Wild foraging remains important, with local communities collecting berries, fruits, nuts, and medicinal plants from surrounding forests. Common products include: Wild blueberries (locally known as likapa, forest fruits, nuts, such as chestnut and hazelnut, various medicinal herbs used for food and traditional medicine.

Handicrafts, particularly woodworking and weaving, are also important cultural practices. Wooden household items such as kitchen tools, storage containers, and furniture are traditionally made from local timber. Weaving traditions include hand-knitted wool products such as socks and textiles, often decorated with geometric patterns and colored using natural dyes derived from plants

== Social Structure and Community Life ==
The social structure of the Camili Basin (Macahel) is shaped by its geographical isolation and long-standing traditions of communal survival. This has fostered a community life based on solidarity, cooperation, and collective labor.

Isolation and Solidarity:

Historically, the region experienced seasonal isolation, with access routes often closed for several months due to heavy snowfall. This resulted in a high degree of self-sufficiency and strong community interdependence. During periods of isolation, villagers relied on collective assistance for essential needs, including transporting sick individuals by sled or carrying supplies on foot when roads were inaccessible. Households commonly shared food and basic resources throughout the winter period to ensure communal survival.

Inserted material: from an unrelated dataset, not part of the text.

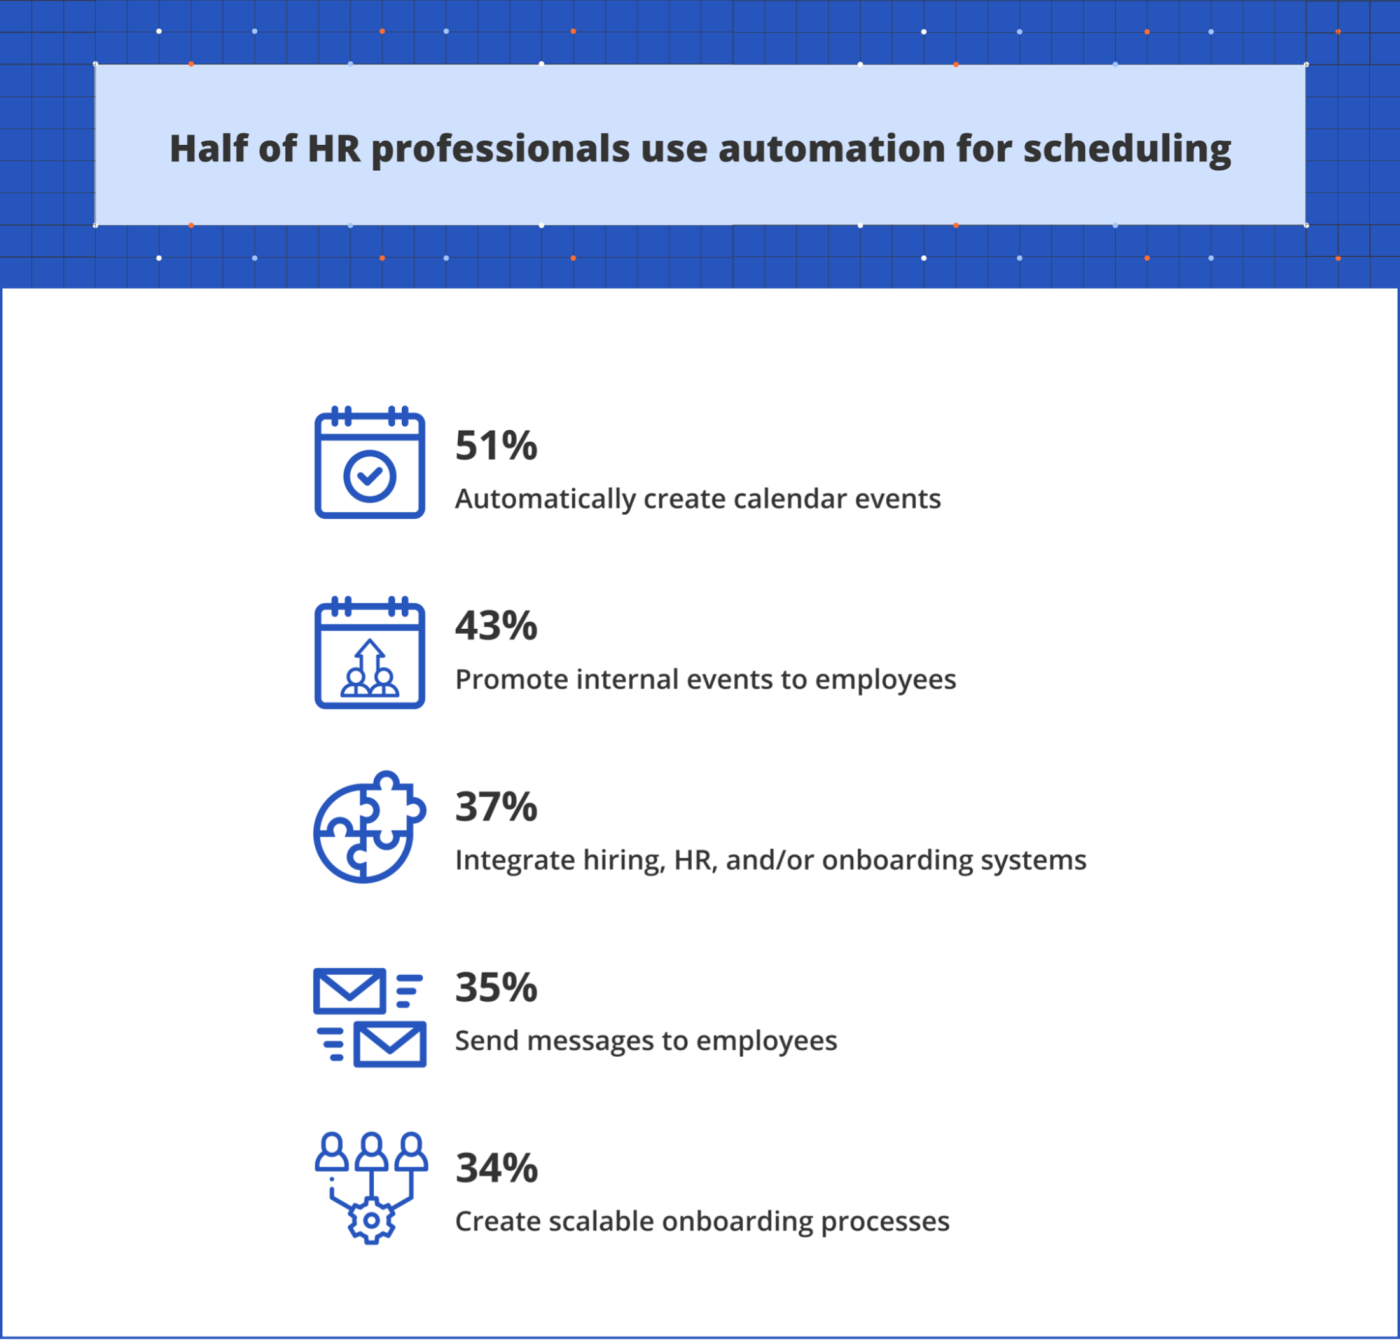 Infographic showing HR professionals' use of automation

Collective Work and Solidarity:

The tradition of Imece (collective labor) is a central element of social organization in the basin, particularly for agricultural activities such as corn processing (locally known as kunçala). These collective work gatherings also function as social and cultural spaces where oral traditions, stories, and traditional songs are shared between generations. Communal infrastructure, such as water mills, is traditionally managed as shared property, with community members jointly responsible for maintenance and use, reinforcing cooperation and mutual trust.

Social Roles and Management:

In the traditional highland (yayla) system, women play a central role in both household management and agricultural production, including food preparation and seasonal provisioning. Respect for elderly community members remains an important social value. Elderly residents contribute to cultural continuity, particularly through the preservation of oral traditions and music. The Macahel Elders' Choir represents an example of this role, contributing to the transmission of local Polyphonic music traditions across generations.

== History ==
The Camili (Macahel) valley, located in the Artvin Province of Turkey, has a long and complex historical background shaped by its position in the Caucasus region and its role as a borderland between empires.

The historical name of the region, Macahel (also spelled Maçahel), is commonly associated with Georgian linguistic roots and is often interpreted as referring to a valley structure resembling an open hand, reflecting the surrounding mountainous landscape.

Historical references to the wider region date back to the 3rd century BCE during the reign of Pharnavaz I of Iberia, ruler of the early Kingdom of Iberia. The area later formed part of the medieval Georgian cultural and political sphere and reached a peak during the 12th century under Queen Tamar of Georgia. Local traditions also associate the region with her burial, although this is not confirmed by historical sources. From the 13th century onward, the region was affected by major invasions, including the Mongol invasions and later campaigns led by Timur. These events contributed to political fragmentation and demographic change in the wider region.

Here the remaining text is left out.